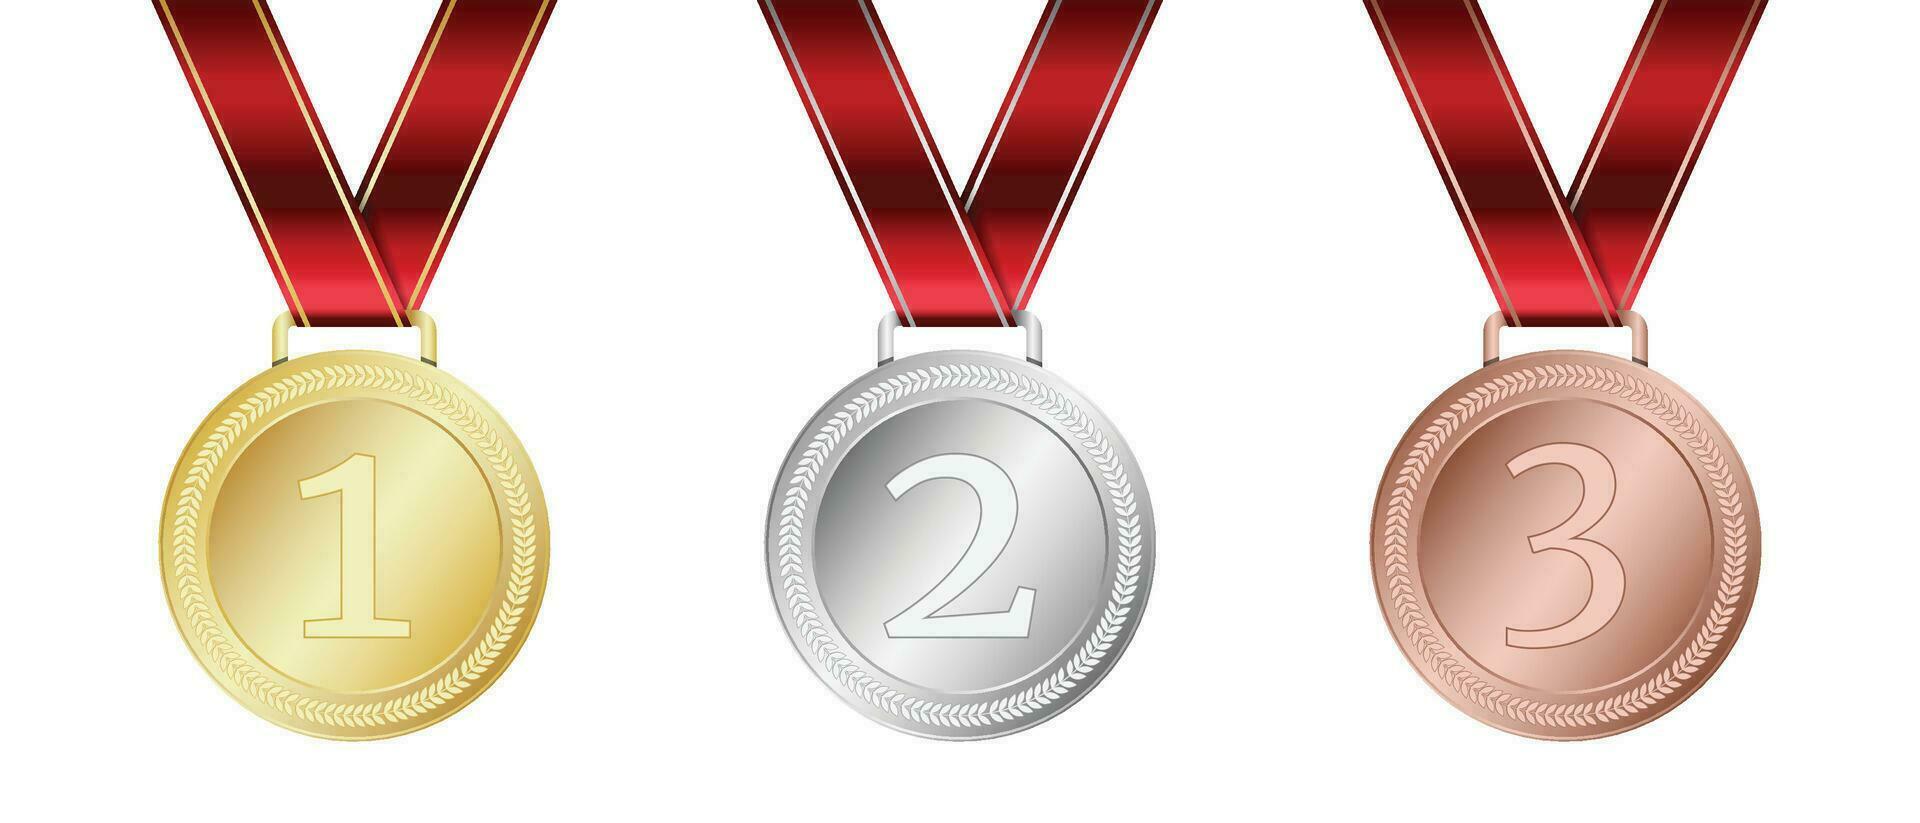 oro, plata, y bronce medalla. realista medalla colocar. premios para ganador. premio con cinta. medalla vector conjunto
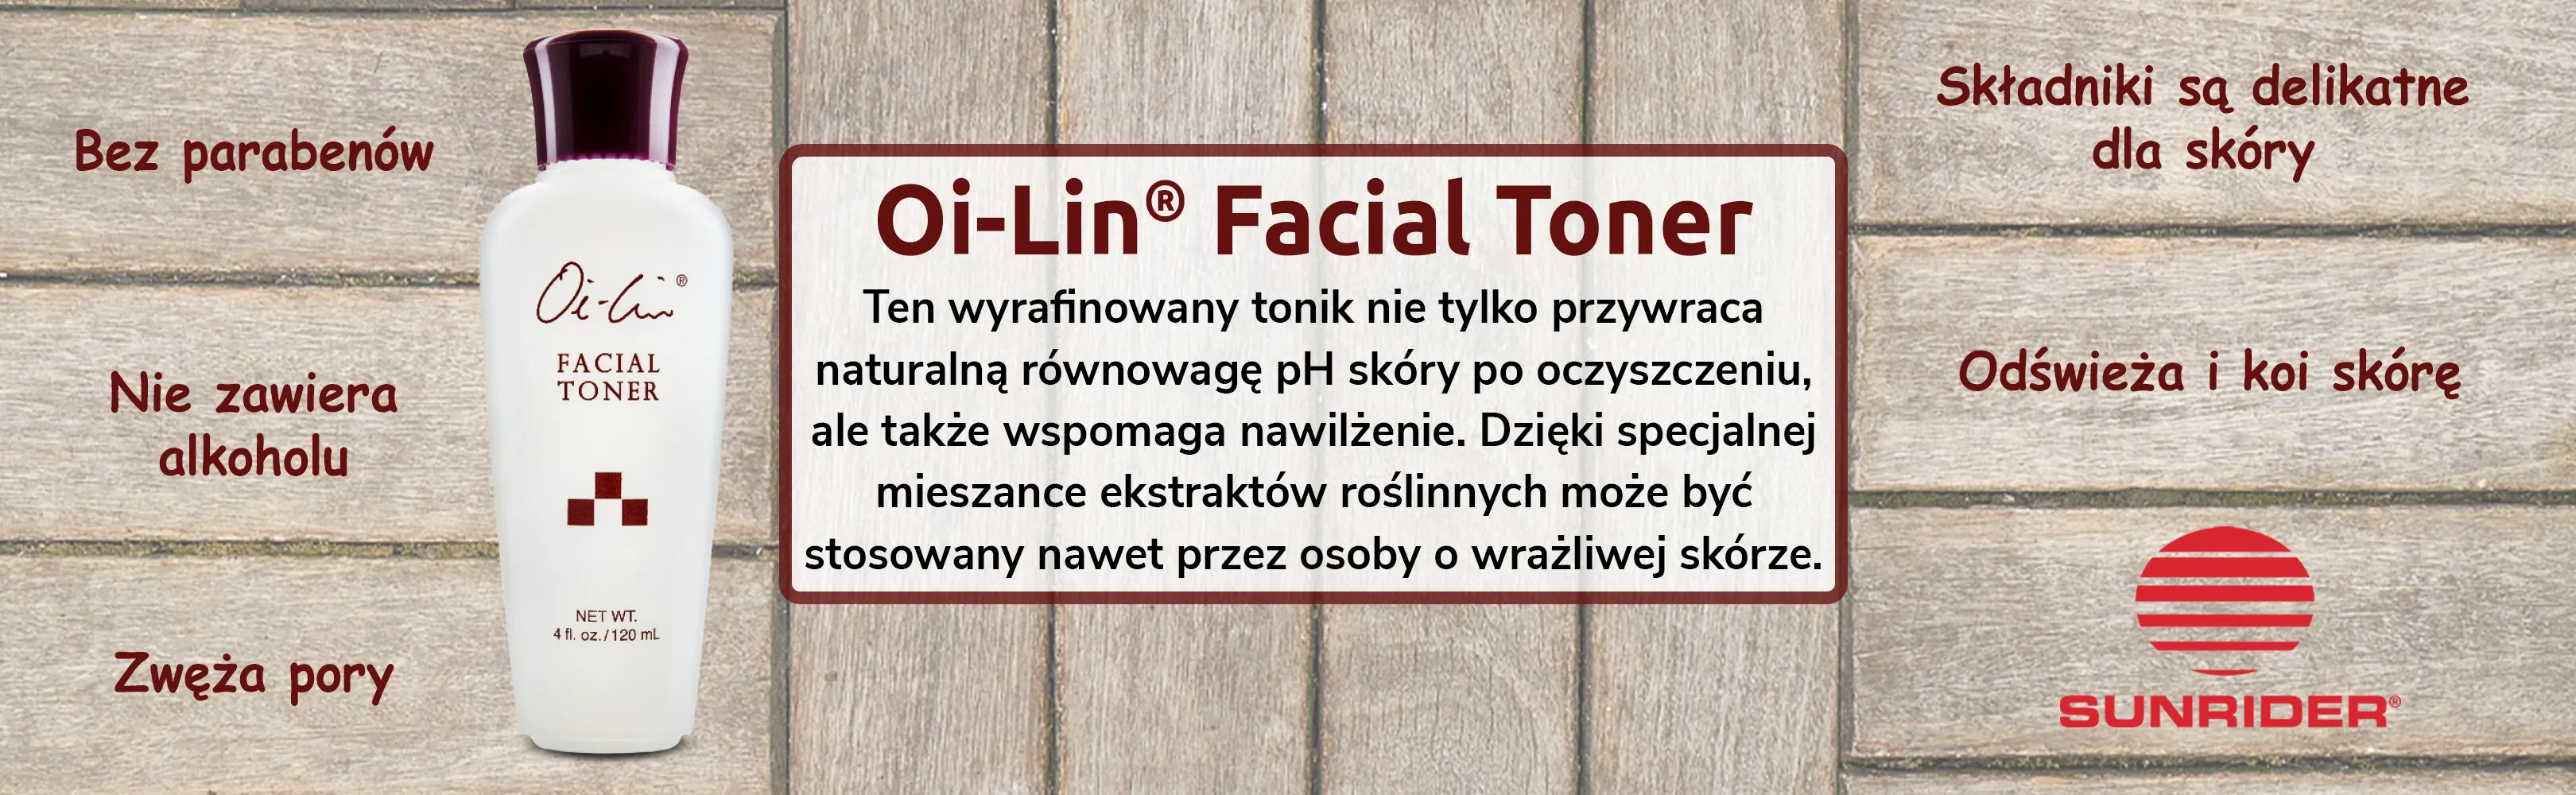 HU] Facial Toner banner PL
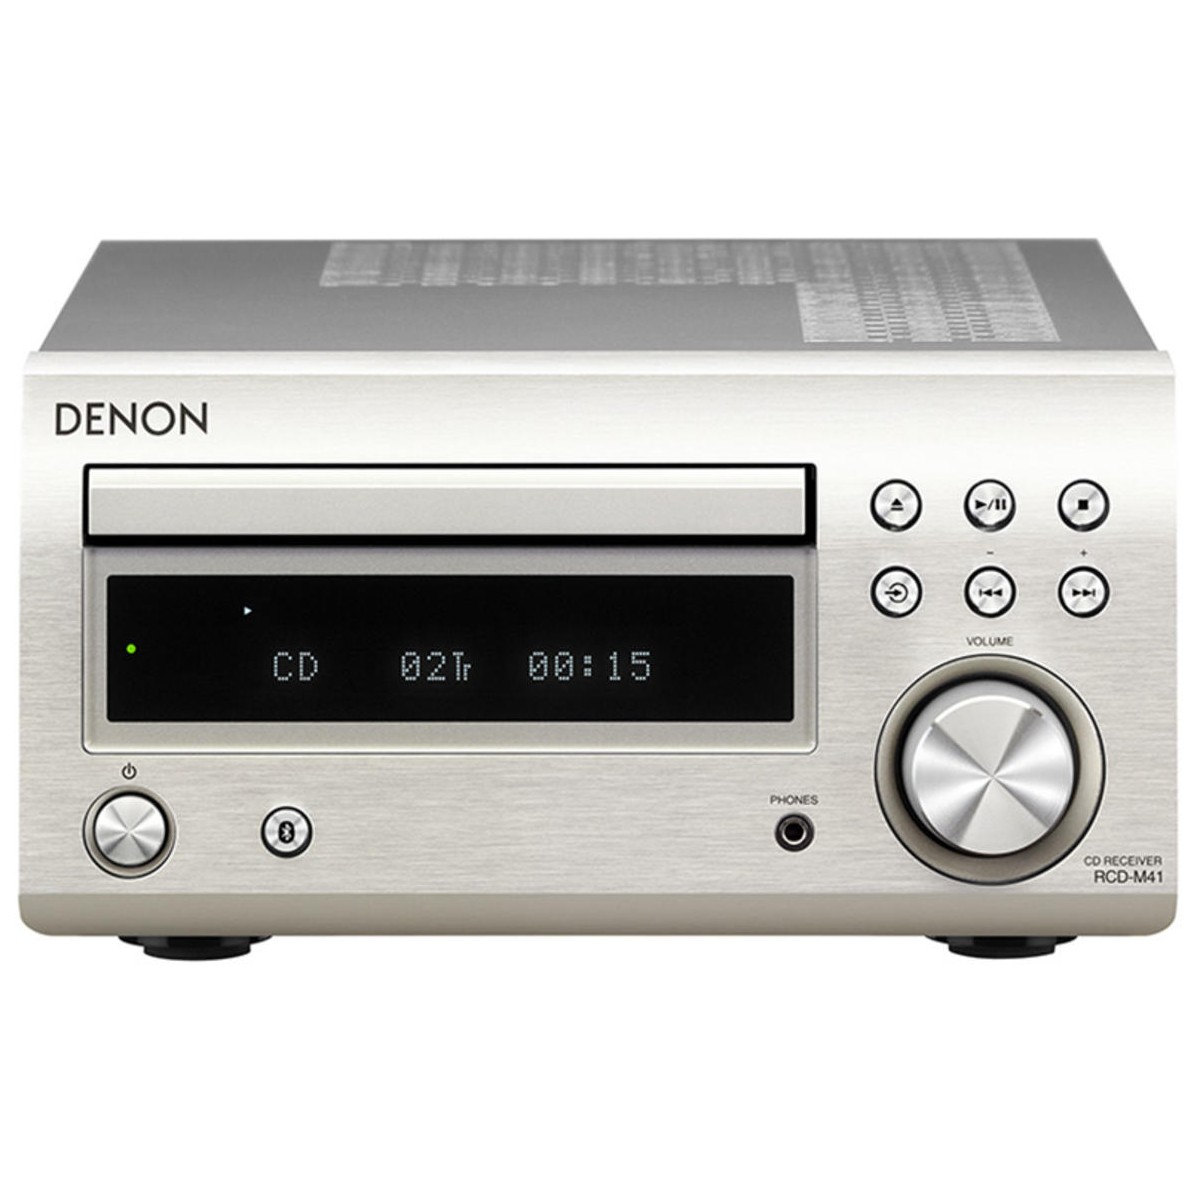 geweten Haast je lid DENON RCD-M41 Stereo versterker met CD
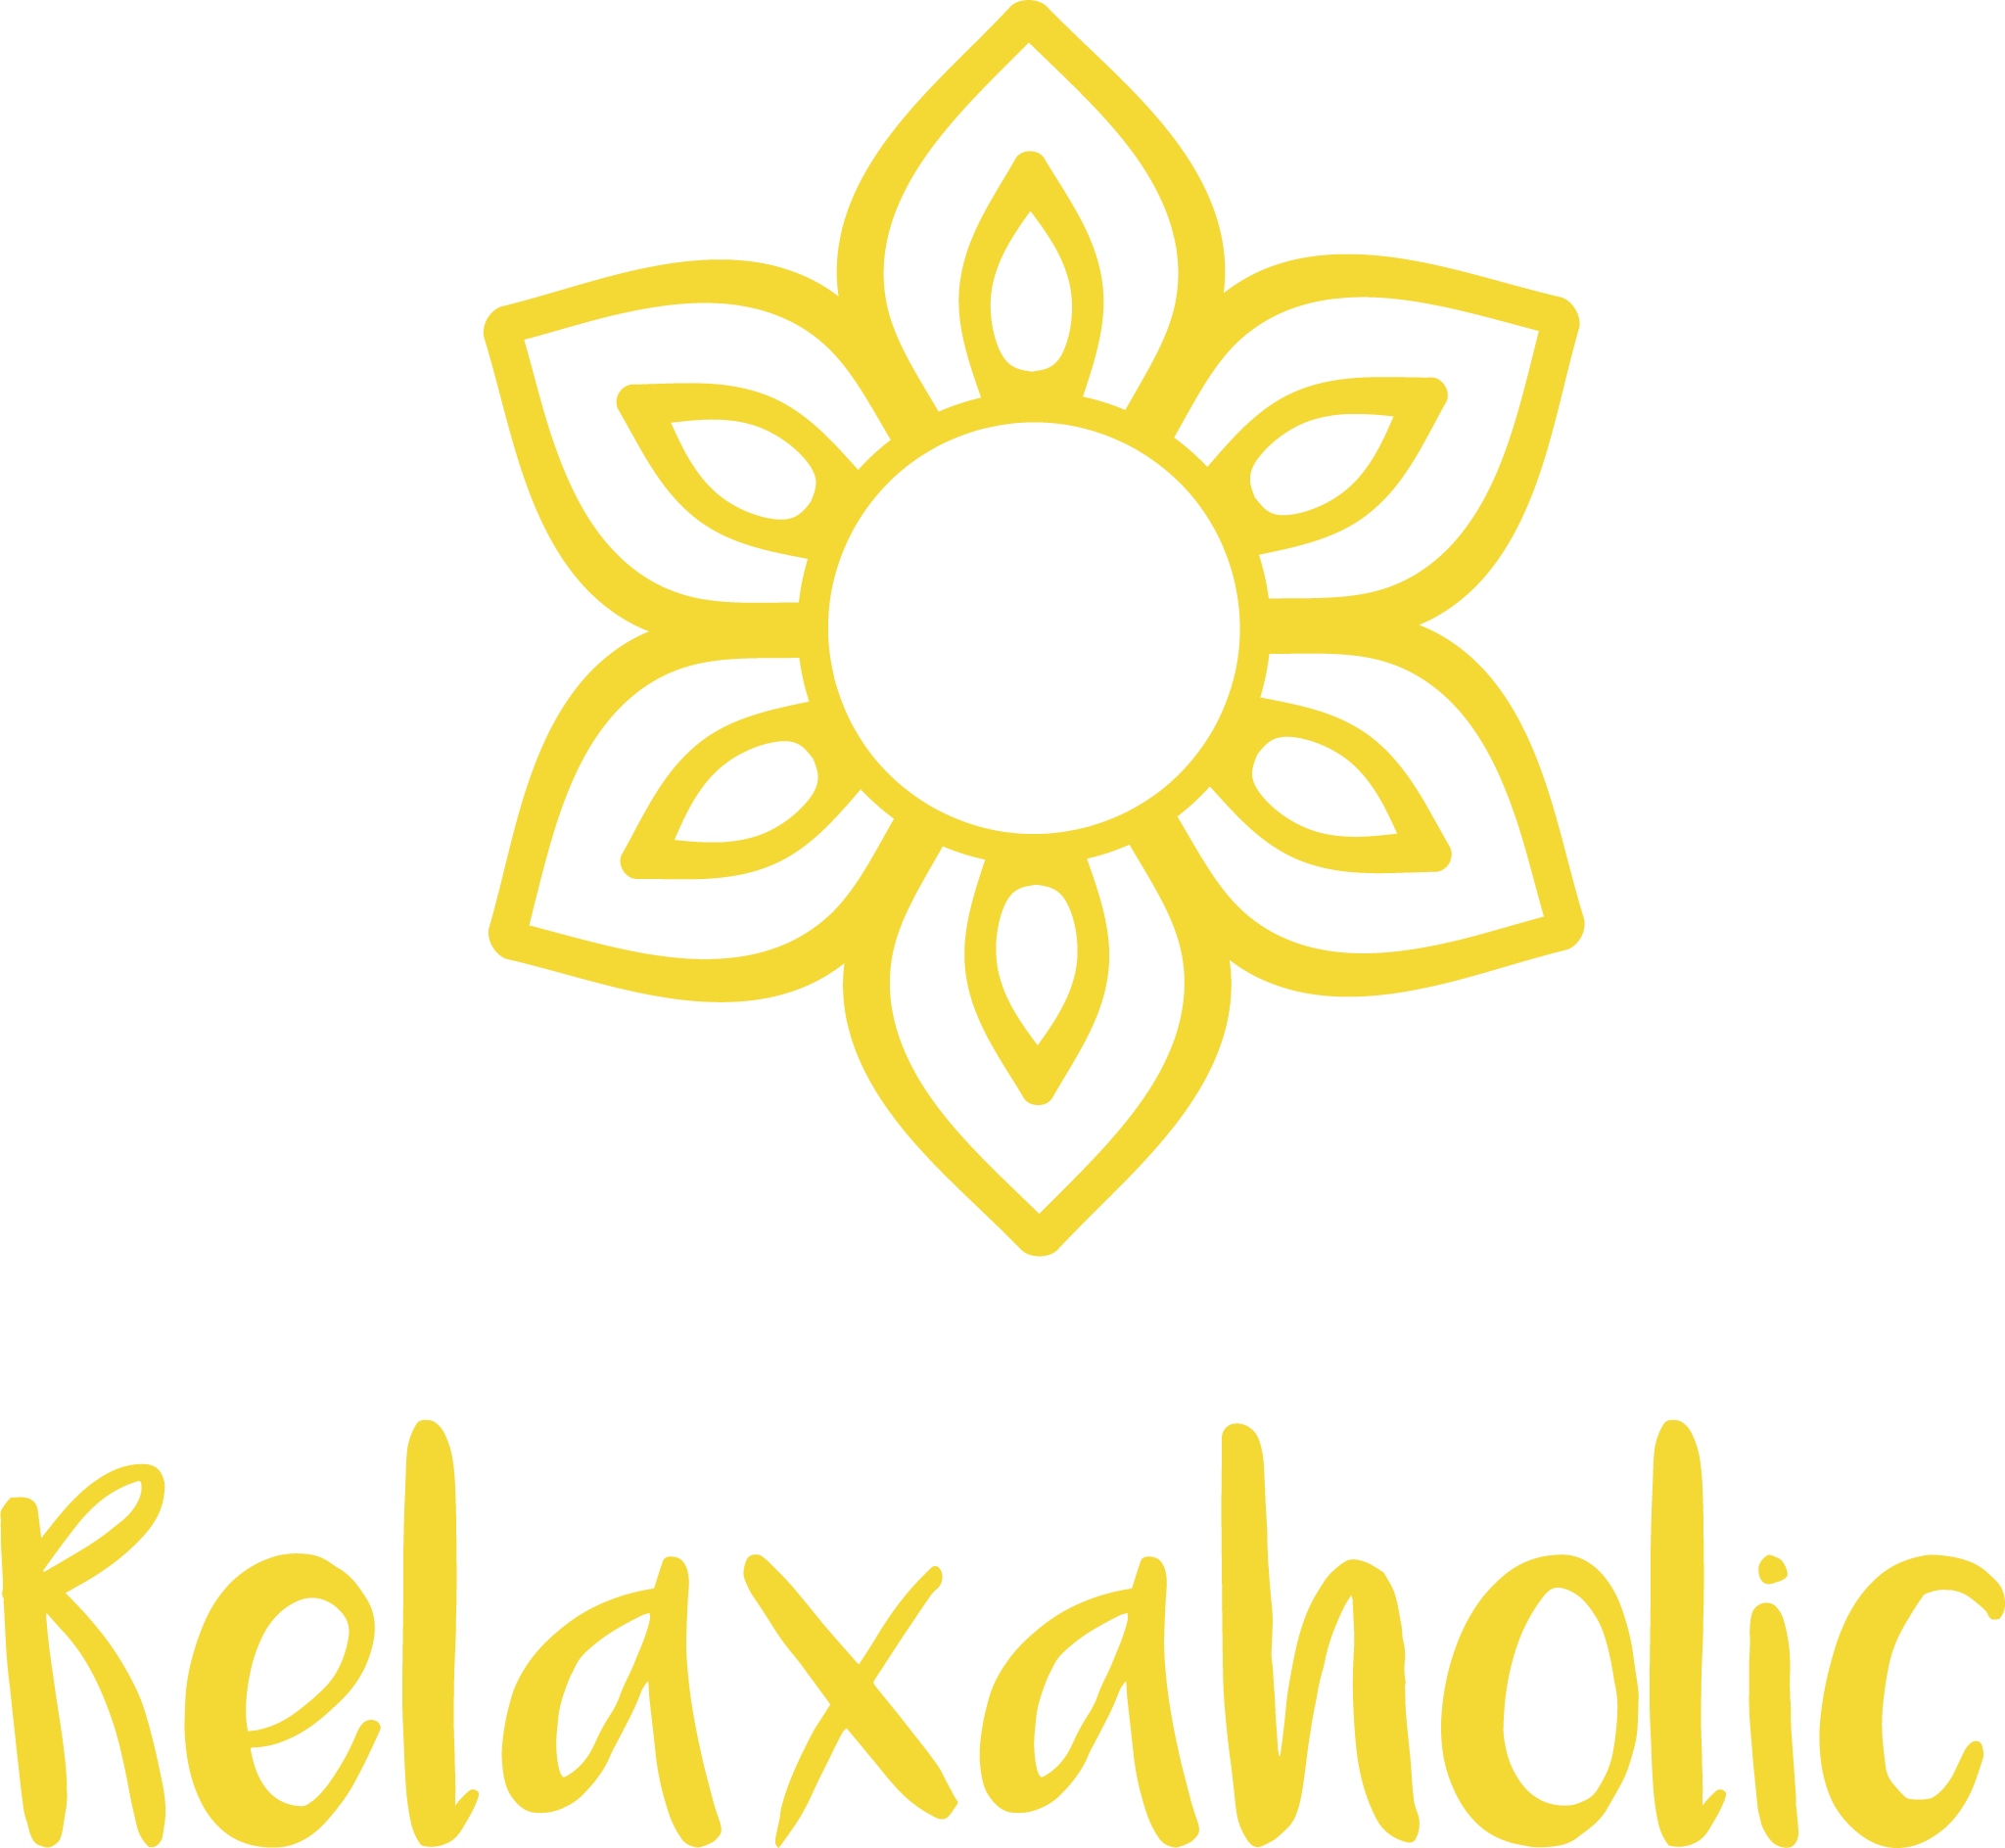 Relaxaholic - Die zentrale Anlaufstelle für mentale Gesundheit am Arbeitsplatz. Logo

§ **Goal of the exercise**
Transcribe exactly the span of lines from the line holding "HU] Facial Toner banner PL" through the last line above, both included. Pictures stay out.

§ **Your response**
 HU] Facial Toner banner PL
 geweten Haast je lid DENON RCD-M41 Stereo versterker met CD
 Relaxaholic - Die zentrale Anlaufstelle für mentale Gesundheit am Arbeitsplatz. Logo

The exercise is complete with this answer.